И правда, кажется, что Пушкин в смерти своей досматривал что-то, что не совсем досмотрел в жизни. Их было трое в одном лице, потом двое. – И вот остался один. Тот высочайший и глубочайший. И бесконечно тихий. Наконец, пришла Тишина, которой так не хватало душе. Полная тишина.
Может быть, смерть пришла потому, что он так и не успел дойти в жизни до этой полноты, до этого тихого единого лика.
По поводу пушкинской судьбы, пушкинской дуэли сказано бесконечно много. Я не хочу сейчас разбираться во всех точках зрения. Для меня нет вопроса о выборе между Пушкиным и светской чернью. Пушкин настолько же правее и выше всех тех, кто его травил и, наконец, убил, насколько Бог правее и выше самого Пушкина.
Пушкин перед лицом света – в терновом венце. Но Пушкин перед лицом Бога…
А именно этот вопрос меня занимает прежде всего…
Однако, имею ли я право задаваться вопросом? Отношения Пушкина с Богом – это дело Пушкина и Бога, и ничье больше. Да, конечно. Если бы отношения Пушкина с Богом не были бы моими собственными отношениями с Богом – с моей собственной глубиной и высотой.
Как-то так выходит, что если Пушкин себе все позволит и все простит, то и я, читатель, себе могу все позволить и все простить. Если же Пушкин не позволит и не простит, то и мне, читателю, никуда не деться от предельного спроса с себя.
Я не навязываю Пушкину мою, внешнюю, чуждую ему высоту. «Рыцарь бедный» – им увиден, это его высота. Идеал Мадонны – это его собственный, а не чуждый ему идеал. Тот самый, о котором было сказано: «Цель поэзии – не нравоучение, а идеал» (А.С. Пушкин. «Заметки на полях статьи П.А. Вяземского «О жизни и сочинениях Озерова»», 1836).
И самое великое, что Пушкин нам оставил, – это свой идеал и обязательность верности ему. Он даже предупредил нас, что измена идеалу в конечном итоге губительна. Об этом было ему откровение.
Но разве он изменял идеалу? В поэзии зрелых лет – никогда. Чем больше жил, тем яснее видел идеал этот, тем полнее любил, тем ревностнее служил. И Поэзия его осталась нетленной. И будет жить, «доколь в подлунном мире жив будет хоть один пиит».
А в жизни… Нет, в жизни идеал этот недовоплотился. И язык его бывал празднословным и лукавым, и сердце не всегда бывало углем, пылающим огнем… Так он сам пишет. Он часто бывал глубоко недоволен собой.

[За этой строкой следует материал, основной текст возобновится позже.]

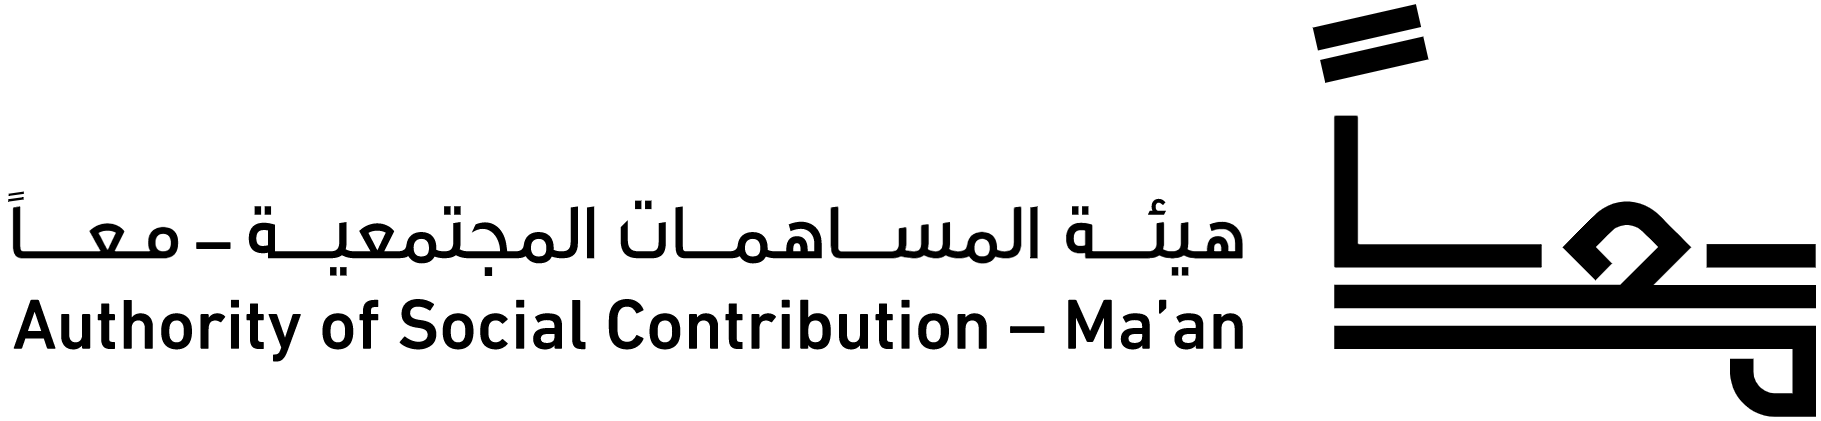 Authority Of Social Contribution  Ma'an

Никто не вправе указывать Пушкину – кроме него самого. Кроме его собственного идеала. Не мы дали идеал тот Пушкину. Он дал его нам. И вот идеал этот судит его.
Трепетное сердце Пушкина, то человеческое сердце, трепетавшее от обид, от боли, от ревности, – не превратилось до конца в огненный угль.
Мы должны видеть это сердце таким, каким оно было. Видеть. И только. А не выдумывать. Глаза должны быть ясными.
Совершенством Пушкин не был. Но завещал нам совершенство. Завещал свой Идеал, свой гений чистой красоты. И если мы возьмем за образец всю пеструю жизнь Пушкина, мы изменим его идеалу, которому никогда он не был верен так полно, как в предсмертные часы.
Смерть подстерегла его не только извне, но изнутри. Ибо «рыцарем бедным» он еще не стал, а Дон Гуаном быть уже не мог. (Интересная закономерность. Дон Гуаны всегда побеждают на поединках. Точно черт помогает своему лихому, не дорожащему жизнью ученику. Вот стоит Дон Гуану дрогнуть, поколебаться в своей беспечной верности дьяволу, – тут ему и конец…)
И, может быть, готовность принять поражение является первым шагом к победе на другом уровне.
Можно тысячу раз разбирать все факты, предшествующие дуэли Пушкина, и все, что было потом. Но от того, что в Пушкине жили два человека, никуда не уйдешь. Первый Пушкин, попав в Дантеса, кричит «Браво!», хочет продолжать дуэль до кровавого конца; второй Пушкин, в ответ на предложение Данзаса вызвать Дантеса, отвечает: «Нет! Нет! Мир! Мир!..».